Structures and Properties of the GLI1 Isoforms

The human GLI1 gene was discovered in 1987 upon investigation into gene amplification in a human glioblastoma cell line (Kinzler et al., 1987). Investigators found a region of chromosome 12 to be amplified; however, this region did not correspond to any known oncogenes. The gene was termed GLI1 for the glioma tumor in which it was found (Kinzler et al., 1987) and was later mapped to a specific region of chromosome 12 at 12q13.3-14.1 (Arheden et al., 1989). This newly discovered GLI1 gene contained 3,318 base pairs giving rise to a 1,106-residue protein (Kinzler et al., 1988) that separates on a polyacrylamide gel to 150-kDa (Kinzler and Vogelstein, 1990). As shown in Figure 1, the GLI1 protein was found to contain five successive zinc finger DNA-binding motifs and belonged in the Kruppel family of zinc finger proteins (Kinzler et al., 1988). GLI1 was later found to bind to the 9-bp DNA sequence 5′-GACCACCCA-3′ (Kinzler and Vogelstein, 1990), in which only zinc fingers 2–5 were found to bind to the major groove of DNA (Pavletich and Pabo, 1993).

Figure 1.

Figure 1

Structures of the human GLI1 gene and the encoded full-length GLI1, GLI1ΔN, and tGLI1 isoforms. The full-length GLI1 gene is comprised of 12 exons, including the 5′-untranslated exon 1. The GLI1 coding region spans nt +79 to +3399 with the initiating methionine codon, ATG, at +79 in exon 2 (arrows). Exons are indicated as gray boxes while introns are shown by lines. The known functional domains of full-length GLI1 include the degron degradation signals (Dn and Dc; aa 77–116; 464–469), SUFU-binding domains (SU; aa 111–125 and C-terminus) (Dunaeva et al., 2003), zinc finger domains (ZF; aa 235–387), the nuclear localization signal (NLS; aa 380–420), and the transactivation domain (aa 1020–1091). Alternative splicing of GLI1 RNA can lead to the deletion of exons 1–3 totaling 128 amino acids in the N-terminus, forming the GLI1ΔN variant. The deletion of the entire exon 3 and part of exon 4 totaling 41 amino acids yields the tGLI1 isoform. Notably, tGLI1 retains all the known functional domains of the full-length GLI1.
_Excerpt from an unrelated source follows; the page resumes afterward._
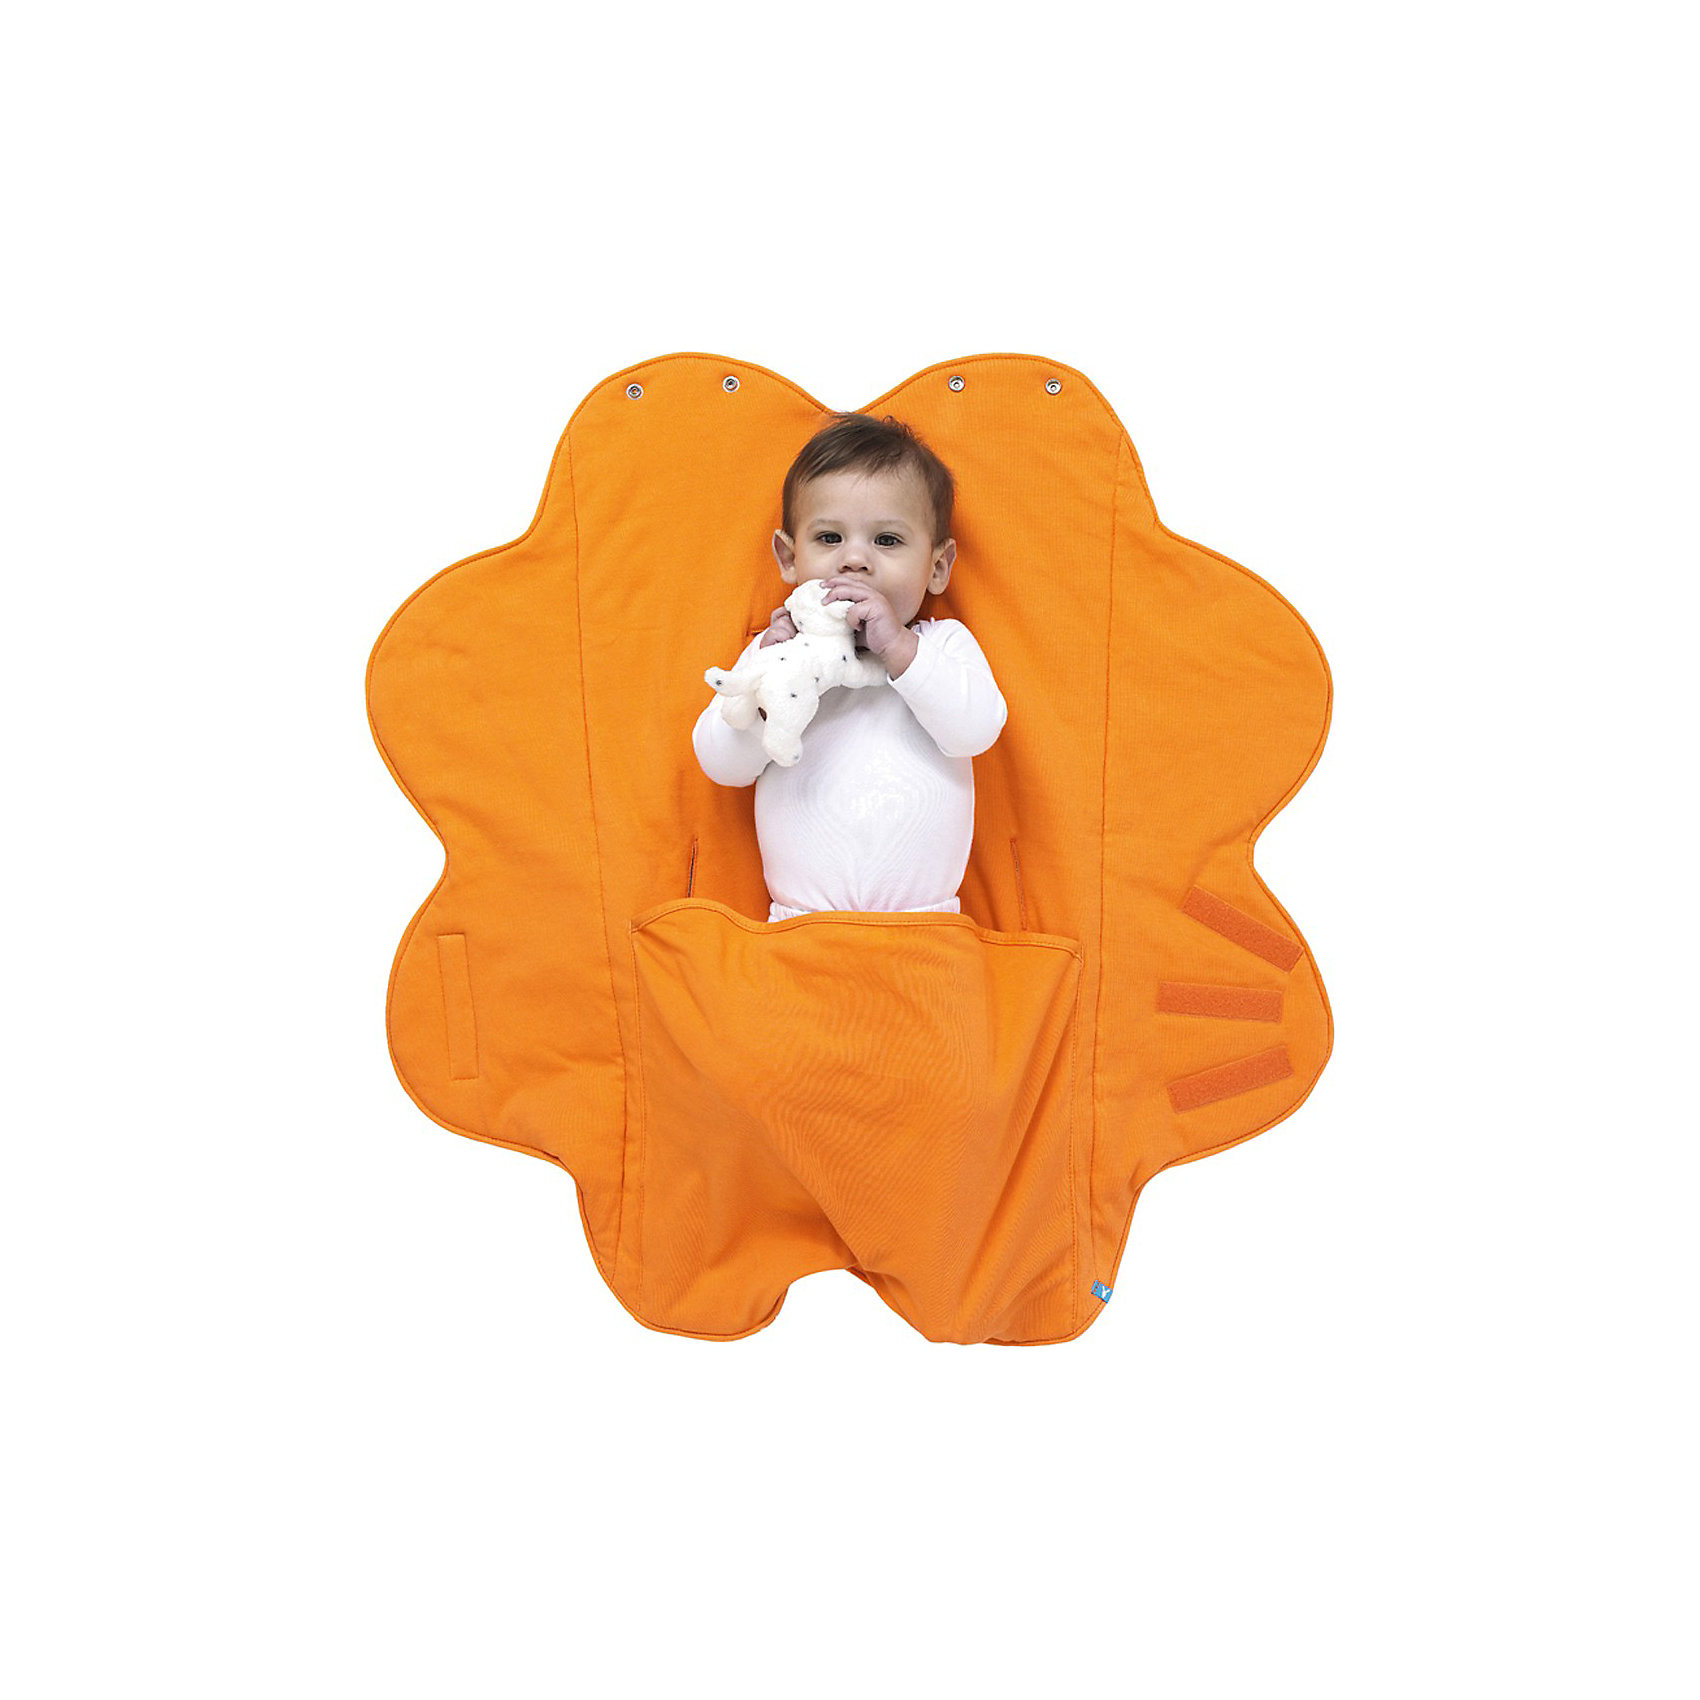 Конверт Лепесток, Wallaboo, хлопок, оранжевыйПеленание<br>Конверт Лепесток, Wallaboo (Валлабу), хлопок, оранжевый - это удобство для Вас и максимальный комфорт для малыша.<br>Многофункциональные конверты «Лепесток» - уникальная разработка Wallaboo. Оригинальный дизайн в виде лепестков сказочного цветка не оставит равнодушной ни одну любящую маму! Конверт выполнен полностью из однотонного хлопкового трикотажа, наполнитель - тонкий слой синтепона 60 грамм. Конверт очень прост в обращении. Вы научитесь им пользоваться с первого раза. Качественные «липучки» обеспечивают надежную фиксацию в любом положении. Специально разработанный карман для ножек ребенка и уютный капюшон, складывающийся из верхних лепестков конверта, защитят вашего малыша в прохладную погоду. У конверта полная совместимость с автокреслами группы 0 – 0+. Конверт Wallaboo Лепесток отлично подходит для разных ситуаций: для выписки из родильного дома; для поездок в автомобиле, благодаря надежной фиксации к автокреслу; в детском шезлонге, в манеже, в коляске Вашему малышу всегда будет комфортно, уютно и тепло. Когда ребенок подрастет, можно использовать конверт в качестве коврика для веселых игр. Благодаря уникальным свойствам микроволокна, материал не вызывает аллергии, не линяет, не скатывается, быстро сохнет, не оставляет вокруг себя волокон и пыли.<br><br>Дополнительная информация:<br><br>- Для детей от 0 до 9 месяцев<br>- Материал: 100% хлопковый трикотаж, наполнитель - тонкий слой синтепона 60 грамм<br>- Размер: 85 х 85 см.<br>- Вес: 350 гр.<br>- Цвет: оранжевый<br>- Машинная стирка при температуре 30 градусов<br><br>Конверт Лепесток, Wallaboo (Валлабу), хлопок, оранжевый порадует вашего малыша и вас безупречным качеством и оригинальным дизайном.<br><br>Конверт Лепесток, Wallaboo (Валлабу), хлопок, оранжевый можно купить в нашем интернет-магазине.<br><br>Ширина мм: 300<br>Глубина мм: 280<br>Высота мм: 90<br>Вес г: 470<br>Возраст от месяцев: 0<br>Возраст до месяцев: 9<br>Пол: Унисекс<br>Возраст: Детски

In 2008, the first splice variant of GLI1 was discovered in which 128 amino acids were deleted from the N-terminus, and thus was termed GLI1ΔN (Shimokawa et al., 2008). As shown in Figure 1, the deletion of this region primarily affects the N-terminal SUFU-binding site and the N-terminal degron degradation signal of GLI1. The SUFU protein interacts with GLI1, and consequently sequesters GLI1 in the cytoplasm and prevents GLI1 from regulating gene transcription (Kogerman et al., 1999). However, GLI1ΔN variant displays a weakened ability to translocate to the nucleus and induce transcription of GLI1 target genes (Shimokawa et al., 2008). The GLI1ΔN variant can be detected in both normal and cancer cell lines (Shimokawa et al., 2008). However, we were unable to detect this variant in primary glioblastoma specimens (Lo et al., 2009).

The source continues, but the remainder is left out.